Ciao Leo, come ti presenteresti a chi non ti conosce?


Ciao!
Sono un dj/selector di un paesino vicino Ivrea, faccio parte di Ivreatronic e Aria Fresca e ho un programma radio su Radio Raheem. Fondamentalmente questo è.

Come sei entrato a contatto con il mondo del djing?


Si tratta di una passione/ossessione che ho da quando ho 12/13 anni circa. Sono passato in poco tempo da giocare e collezionare i Pokemon a fare la stessa cosa con la musica, mi ricordo che segnavo su un quadernino i titoli dei brani che sentivo in radio o sui canali tv delle radio (tipo m20 ahah) e poi andavo da un signore del mio paese a farmeli scaricare sul lettore mp3.
Per un bel po’ di tempo ho ascoltato musica elettronica così, non avevo internet a casa e non ero mai andato in una discoteca.
Mi ricordo, però, il momento in cui sono stato folgorato da questo mondo, qualche anno dopo questa prima fase di cui vi parlavo: era una festa di fine scuola in una piscina nei dintorni di Ivrea e nel palco 2 c’erano Denny e Luca Perino, due persone che sarebbero diventati poco dopo grandi amici. Proponevano un sound diverso da quello che avevo sentito fino ad allora, si trattava di deep/tech house che all’epoca mi sembrava la roba più figa del mondo. Diciamo che da lì ad ora è stato un lungo viaggio :)

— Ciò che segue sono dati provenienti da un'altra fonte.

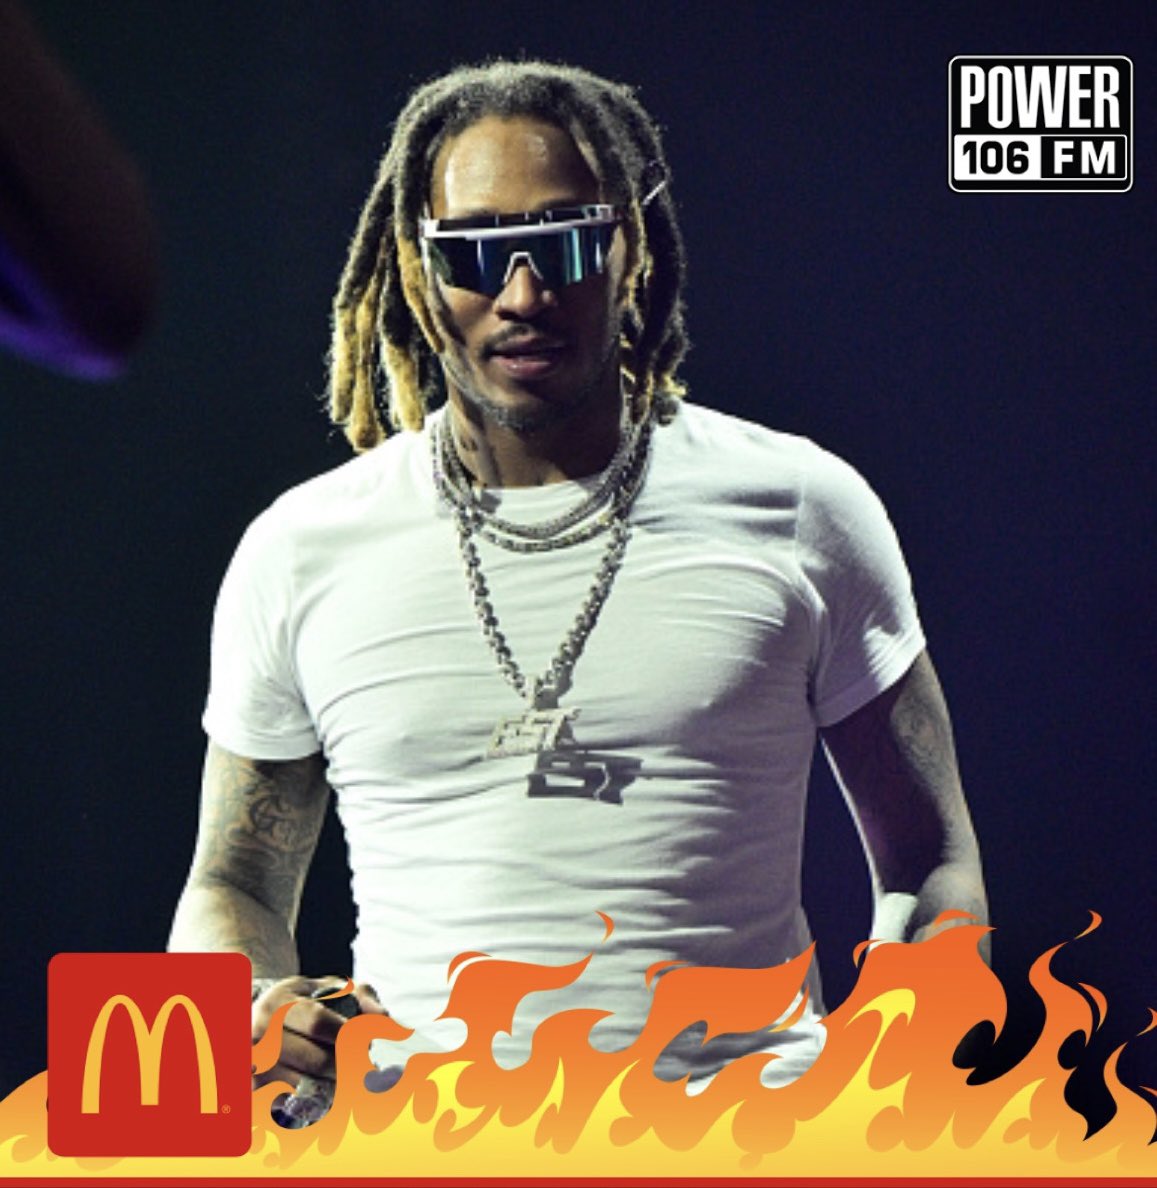 Hip Hop is all about bringing the heat! Power 106 and McDonald’s salute the hottest in Hip Hop for their contributions. Today we salute #Future! McDonald’s is also turning up the heat with their Spicy McNuggets with aged cayenne and chili pepper, it’s a must try!

Quali generi prediligi suonare? Ci sono stati cambiamenti a riguardo nel corso degli anni?


Non riesco a rispondere bene alla prima domanda, perchè nei miei set gioco a mescolare molti ritmi e musica di generazioni diverse. Di solito mi gioco la carta elettronica underground che vuol dire un po’ tutto e un po’ niente, ma va bene così. Riguardo ai cambiamenti sicuramente, ascolto tanta musica tutti i giorni da allora e l’orecchio cambia in continuazione. Mi piace l’idea che nella musica i giudizi alla fine valgano poco, mi ritrovo ad apprezzare oggi sonorità che magari 3/4 anni fa avrei giudicato inascoltabili e questo mi diverte molto.

Ci sono degli artisti (musicali e non) che ti hanno ispirato e che ti ispirano nel tuo lavoro?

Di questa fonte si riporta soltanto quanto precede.